One Man Band
Mark Andrews / Andrew Jimenez
2005 US (1st time; big screen)
Two multi-instrument musicians compete for the single coin in a toddler's hands; their greed gets the better of them.
Witty Pixar short, which runs just about short enough for the charm to come off; any longer, and it might just grate.

Cars
John Lasseter
2006 US (1st time; big screen)
Lightning McQueen, a racing car, wants to make it big, but first has a lesson or two to learn from an old abandoned town on what used to be a busy route 66.
Decidedly American affair, oddly nostalgic and neglecting character for sentiment; Pixar has always brought such gusto to facial expressions in its characters, but this freedom doesn't translate well to automobiles. It isn't as succinct as their other efforts, but stands as a visual triumph in its own right, far away from the studio's previous worlds of superheroes, the ocean and a bedroom full of toys.

Wolf Creek
Greg McLean
2004 Australia (2nd time; TV)
Three backpackers, an Australian male and two English tourists, get stranded in the Outback, and take the offered help of a seemingly genuine local.
Effective, confident piece of filmmaking; it looks marvellous, presenting beautiful images of the Australian landscape as if from a postcard, which are contradicted by the brutal violence. The opening hour is a subtle lesson on how to absorb and ultimately wrong-foot the audience; the second hour is a tremendously sustained gore-fest reminiscent of The Texas Chainsaw Massacre.

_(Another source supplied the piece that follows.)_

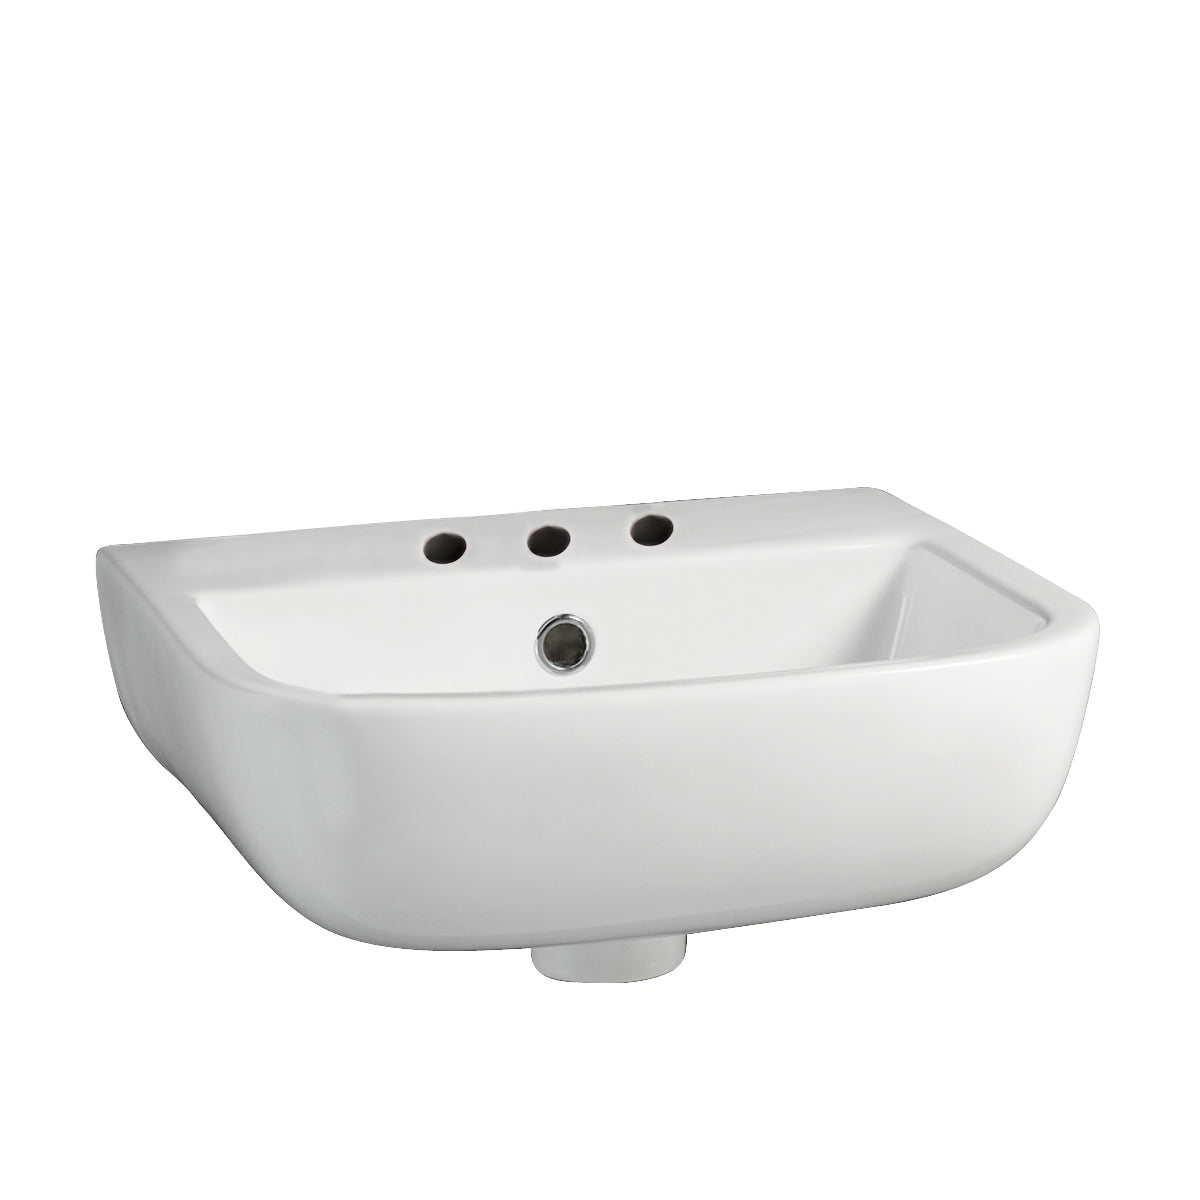 Series 600 Small Wall Hung Sink 15 3/4" for 4" Centerset White

Professione: reporter (The Passenger)
Michelangelo Antonioni
1975 France/Italy/US/Spain (1st time; big screen)
A reporter in Africa assumes the identity of a gun-runner who dies of a heart attack in the hotel room next to him.
Thoroughly unpredictable, meandering film without any kind of foreseeable character or narrative arc, presented as a kind of extended travelogue which goes on far too long and burns at too slow a pace; Nicholson's performance is tame and his character is simply uninteresting. The cinematography is fantastic early on, and there are some brilliant cinematic touches throughout, the best of which comes at the very end of the film, where a camera seemingly moves, at a snail's pace, through a barred window, slowly turns around, and is somehow outside the hotel room in which it started its movement.